Birkaç hafta önce BirGün'de de yazmıştım: DTP elbette bölücü bir parti filan olarak görülemez. Çünkü Türkiye ancak ABD isterse 'bölünebilir'! Kürt cenahından Talabani ve Barzani, malum, alenen ABD himayesi altındadır... Bu iki Kürt siyasetçinin, Türkiye'deki Kürtlerin bir bölümü üzerinde etkisi olduğu biliniyor. Bunlar miting-lerdeki konuşmalarda bile dile getirildi. Demek ki soruna sadece PKK düzleminden bakınca tablo artık tam olarak görülemiyor. Askeri Cezaevi İmralı ve hukuken Amerikan işgal bölgesindeki Kandil dağı elbette önemli stratejik basınç merkezleri; ama tanım gereği buralardan da 'bağımsız' bir Kürt tercihi beklemek safdilliktir. İşte DTP, devlet baskıları bir yana Kürt orijinli bütün bu siyasi, manevi, etnik basınçların da altında ayağa kalkmaya çalışıyor. Şimdi gün, DTP'ye yardımcı olma günüdür. Peki bu yardım nasıl olacak? Son günlerde 'PKK siyasallaştırılsın' şeklindeki bir argüman, özellikle ABD tarafından sö-nümlenmeye bırakıldı. Kuzey Irak'taki PKK'liler (sayıları binlerle ifade ediliyor) Barzani ordusunda peşmerge yapılmaya başlandılar. Yani ABD, askeri bir operasyon düzenlemeden, PKK'lileri bu şekilde 'tasfiye' etmeye ya da 'konuşlandırmaya' ya da PJAK adıyla İran'a karşı bir başka cepheye sevk etmeye girişti. Belki de ilk kez PKK basıncından kurtulma potansiyeli taşıyan sivil bir Kürt siyasi tercih imkânı söz konusu. Siyaset sahnesinde DTP'nin Meclis'te grup kurmasıyla artık sadece halkın seçtiği siyasi temsilcilerin görüşlerinin öne çıkması, önemli bir dönüm noktası.

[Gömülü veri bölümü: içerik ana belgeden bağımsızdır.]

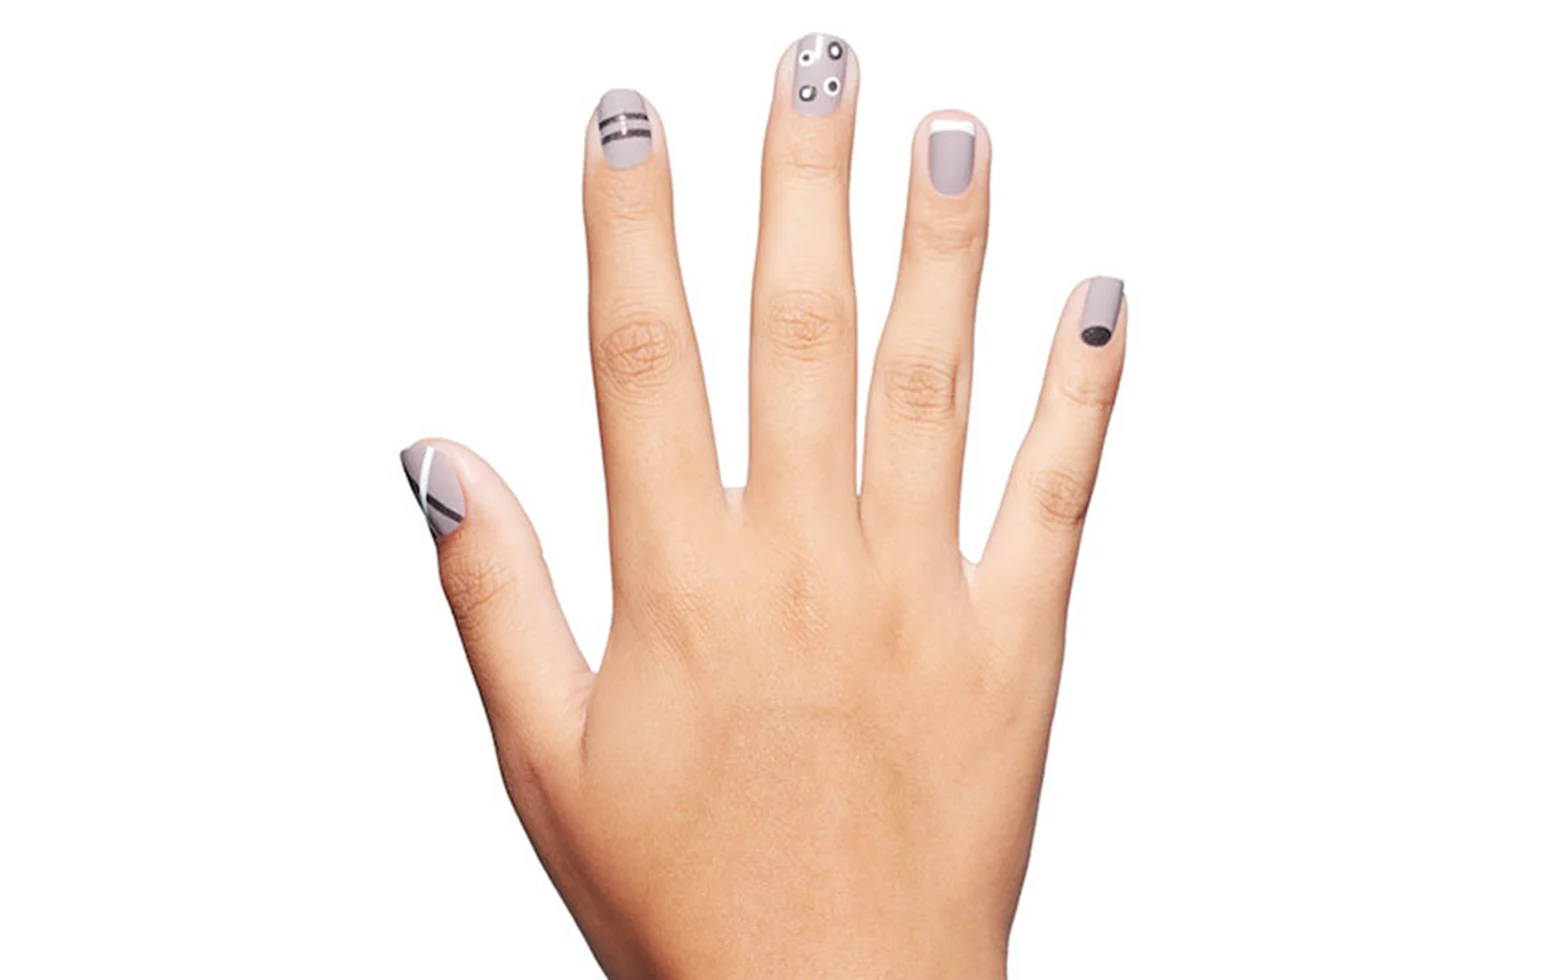 2. 10 Simple Nail Art Designs You Can Do in 1 Hour - wide 4

» Bu imkân nasıl geliştirilebilir DTP dışarıdan bu kadar basınç altındayken ve devletin saldırıları da bu kadar yoğunken?
Bu imkân elbette Kürtlerin olduğu kadar Türklerin de ikna edilmesi gereken bir süreçte anlamlı olabilir. Böyle bir dönüm noktasında hem Türklerin hem Kürtlerin ikna edilmesinde DTP'ye kesinlikle endeksli olmayan, bağımsız ve özgürlükçü sol bir iddiaya dört elle sarılmak, bunu çoğaltmak lazım. Oysa, Uras örneğinde olduğu üzere, DTP grubuna 'katılabilirim' dediğin noktada, kendi siyasi bağımsızlığını berhava etmiş oluyorsun. Çünkü, Kürt toplumu içinde kimlik arayışı öne çıksa bile, Türk emekçilerin (etnik kimliklerinin ötesinde) ikna edilmesi sadece Kürt çözümünde değil, dikey kesen eksendeki daha sınıfsal bir zeminde yatıyor. Bu zemin özenle korunmalı. Çünkü bu DTP'yi dışlamayan ama ona endeksli de olmayan bir siyaset zeminidir ve sadece Kürt emekçilerinin değil özellikle Türk emekçilerin de ikna edilebileceği bağımsız bir siyasi imkân sunmaktadır. Üstelik, DTP zeminiyle de bir arada yaşamı savunabilmek çağrısı, ancak ondan bağımsız bir siyasi çizgi üzerinde yapıldığında ikna edici olabilir. ÖDP bu konudaki bağımsız siyasi çizgisini koruduğu sürece, DTP-PM'nin değerlendirmesinde yer alan 'Çatı örgütü veya yan yana nasıl yürüneceğine dair tartışma'da anlamlı ve etkili bir rol üstlenebilir.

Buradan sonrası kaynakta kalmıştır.